Since 2016 there has been an organized effort to smear conservative pundits and publishers on Wikipedia.
It is impossible to make changes on these Wiki pages once the far left sets out to destroy a person on organization’s reputation. This is due to the fact that Wikipedia is consumed by dishonest liberal editors.
And since 2016 Facebook and Google started colluding with Wikipedia to use their descriptions on their platforms.
This is despite Wikipedia’s public disclaimer that “Wikipedia is not a reliable source.”
This collusion against conservative websites and personalities takes a toll. Meanwhile, fake news organizations that pushed the Russian conspiracy hoax for over two years are rated as credible news sources. And then these same so-called news organizations on the left use “unreliable” Wikipedia to define their enemies on the right. The Gateway Pundit is a victim of this despicable practice despite the fact that our reporting is more accurate than The New York Times, Washington Post, CNN and MSNBC.
The Gateway Pundit team agrees with Paul Sperry.
No, no, no. You didn't report facts. You reported SPECULATION, endless SPECULATION. And the few "facts" you reported were merely unsubstantiated rumors spoon-fed to you by your correspondents' ex-colleagues at Fusion GPS. Funny how you never disclosed Evan Perez's ties to Fusion https://t.co/voXStwSNec
— Paul Sperry (@paulsperry_) March 26, 2019
A Wikipedia editor was caught being paid by media clients like NBC and Axios to diminish critical material on their Wiki entries.

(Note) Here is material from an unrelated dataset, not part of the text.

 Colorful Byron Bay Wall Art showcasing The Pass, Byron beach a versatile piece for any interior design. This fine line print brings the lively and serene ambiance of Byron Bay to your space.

A report in Huffington Post recently revealed the case of Wikipedia editor Ed Sussman, who was paid by media clients such as NBC and Axios to help diminish critical material. Paid editors operating in a similar manner to Sussman have worked on behalf of CNN contributor Hilary Rosen and the CEOs of Reddit and Intel, among other clients.

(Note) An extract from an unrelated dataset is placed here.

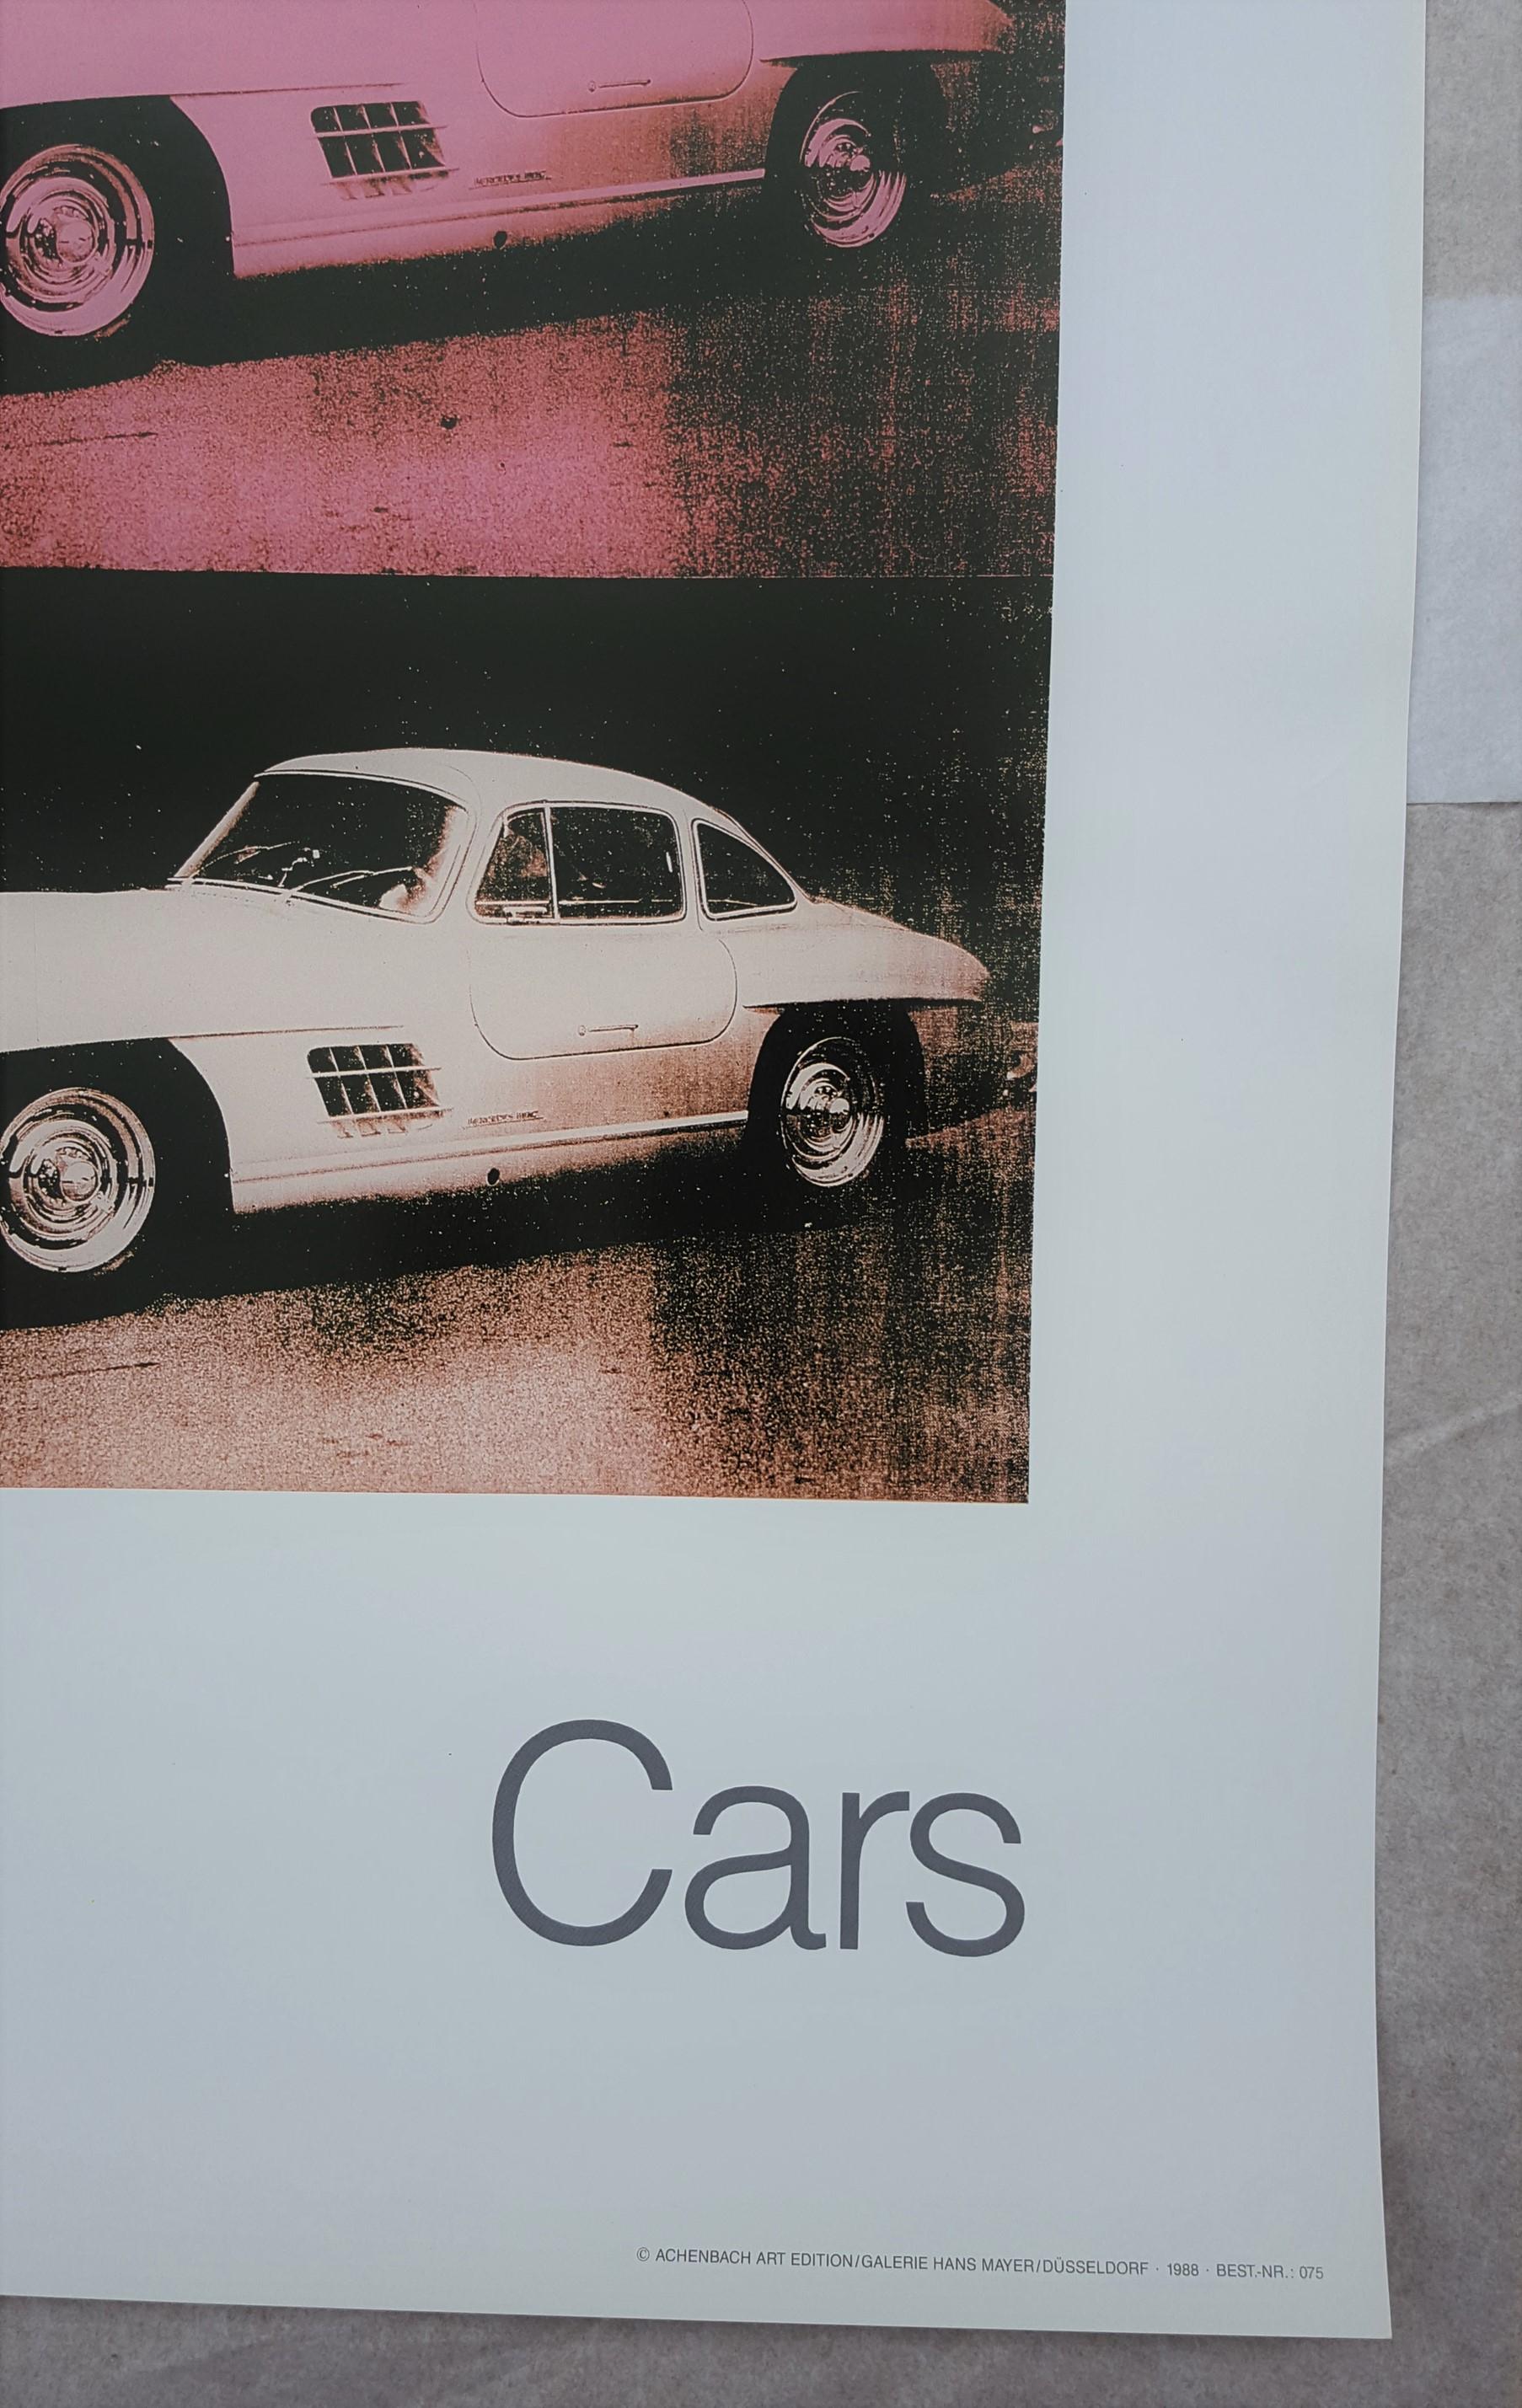 Cars: Mercedes-Benz 300 SL Coupe, 1954 - Pop Art Print by (after) Andy Warhol

Other conduct by Sussman not covered by the Huffington Post shows him authoring fluff pieces for NBC executives and getting his proposed changes approved by another paid Wikipedia editor.
The report by Ashley Feinberg detailed former journalist Ed Sussman’s work as a paid Wikipedia fixer for clients such as Axios, NBC, and Facebook. Sussman did this work through the firm WhiteHatWiki, which he argues follows Wikipedia policies. Sussman disclosed his paid editing on Wikipedia and ostensibly worked within the rules by having other editors approve proposed changes.